Decent work means decent business

2011-02-04 00:00

I FULLY support calls by the unions for decent work. I have worked for 42 years for the same company and now serve as a non-executive director on one of its boards. Work has been a major part of my life. I am lucky that it has always been decent and challenging, and I have been decently remunerated.

If that applies to me, I have to argue that it should apply to everyone else as far as it is reasonably possible. Put another way, if the purpose of our existence is to create the greatest happiness among the greatest number, then decent work should be high on the list of any society's priorities.

Now comes the reality check. Decent work depends on three factors.

• The organisation you work for is financially sustainable. In the case of a business, that means the annual value of the products and services generated by the business exceeds the cost of providing them through all parts of the economic cycle. In the case of an NGO, it means your donations consistently exceed your costs and you have sufficient cash reserves for serious downturns. In the case of a public servant, it is the knowledge that the government is practising sensible fiscal policies and not indulging in large budget deficits. In short, job security rests on working for a soundly managed enterprise with people who know what they are doing.

• The environment within which you work is conducive to your fulfilling your aspirations as a human being and leading a balanced life. The management style is fair and supportive, and you are able to mix work with fun at work. Comradeship binds you and your senior and junior colleagues into an effective team. We know how hard it is to satisfy this condition when the tasks are arduous and require an exceptional amount of physical exertion, but it can be done.

• As far as enterprises are concerned, where life is risky, decent work is about having the ability to grow your business if you succeed and the ability to try another venture if you fail. It is about being financially rewarded for the risks you have taken and being held up as a role model for young people of a similar disposition to follow. Above all, it is the thrill of being your own boss — free of the hierarchy and bureaucracy that always accompany organisations beyond a certain size.

So what should we do to create more decent work? Unlike other articles which only deal in generalities, I am going to offer my personal list of specific recommendations.

• We should change the grand objective of creating five million jobs by 2020 to creating one million new businesses by 2020 that will lead to at least five million jobs if not more. The reason for doing this is to recognise that decent work of any kind flows from the growth in the number of enterprises.
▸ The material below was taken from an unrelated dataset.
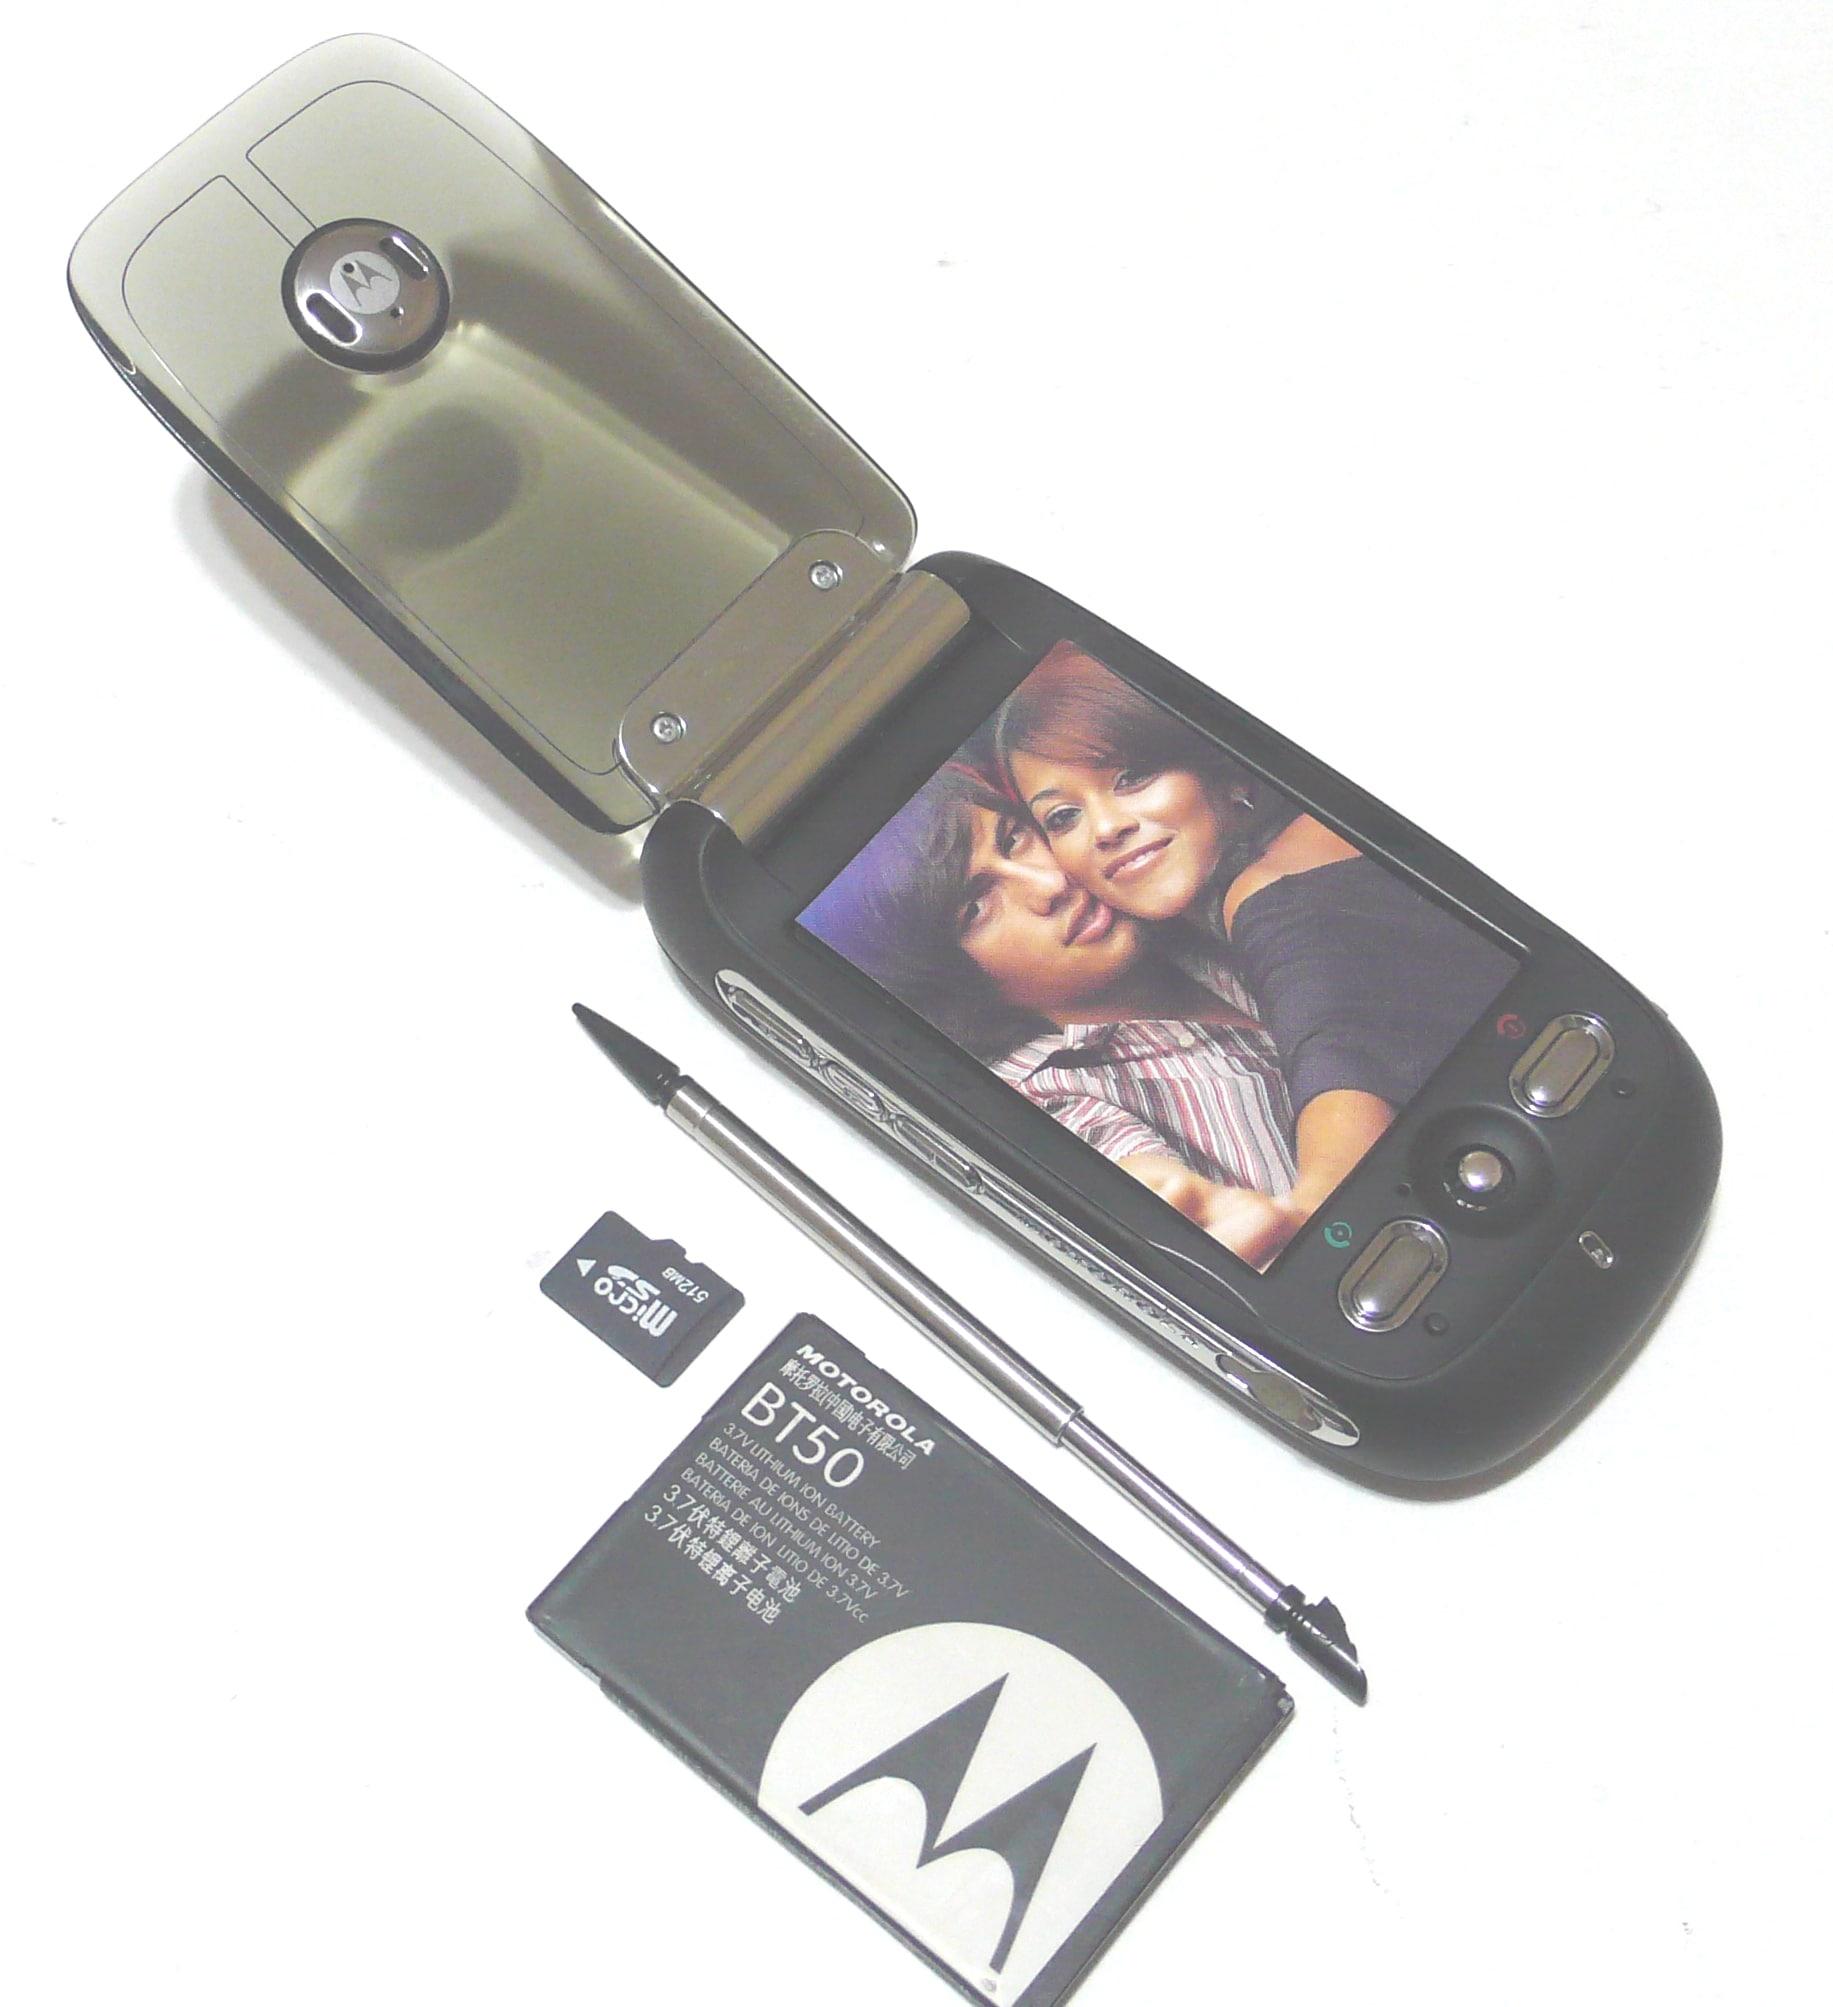 Motorola A1200 2.0MP Quadband PDA Cell Phone (Refurbished) - Thumbnail 1
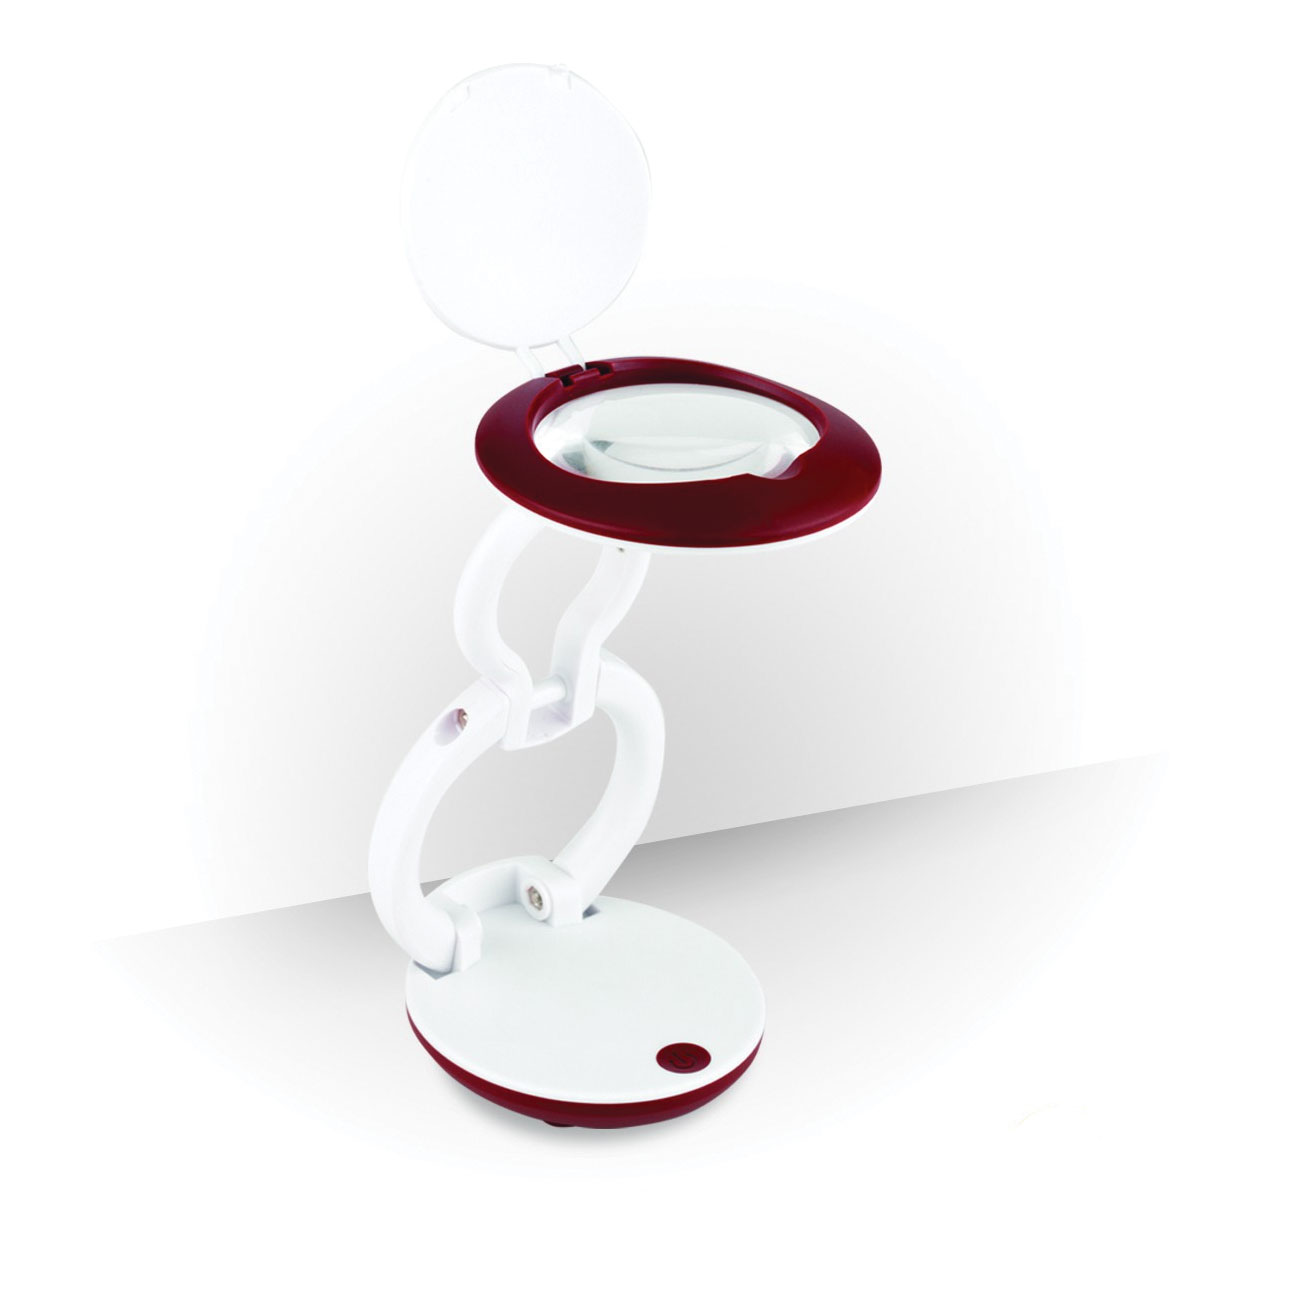 Yoyo Pocket LED Magnifier

• We should optimise the environment in which small business growth can take place, and particularly in which informal sector champions can graduate into the formal business sector and maybe one day into becoming world-class players with an international customer base. This will require a revolutionary approach to tax, micro-lending, angel and venture capital investing, business school entrepreneurial programmes and slashing bureaucratic red tape surrounding business formation so that entrepreneurs have the flexibility to survive the uncertainties of start-up.

• We should have an Entrepreneurial Economic Empowerment Programme (EEE) where scorecards of large companies, banks and others have a substantial number of points riding on their contribution towards the development of small business and a more participative, democratic economy where economic power is more widely shared.

• In order to ensure that large companies are decent businesses in the second meaning of offering a decent environment in which to work, we should make it obligatory that they publish in their annual report a corporate Gini Coefficient. This would measure the salary levels of the top salary earners (including all bonuses and gains from share options) versus the bottom wage earners. One could then make comparisons across companies and industries, but more importantly judge whether a company is behaving decently in a hard-times economic scenario by spreading the pain across the entire workforce including the board of directors. If the workers are asked to exercise restraint, so should the directors in order that everybody keeps his or her job.

These actions more than any others will lead us down the new growth path.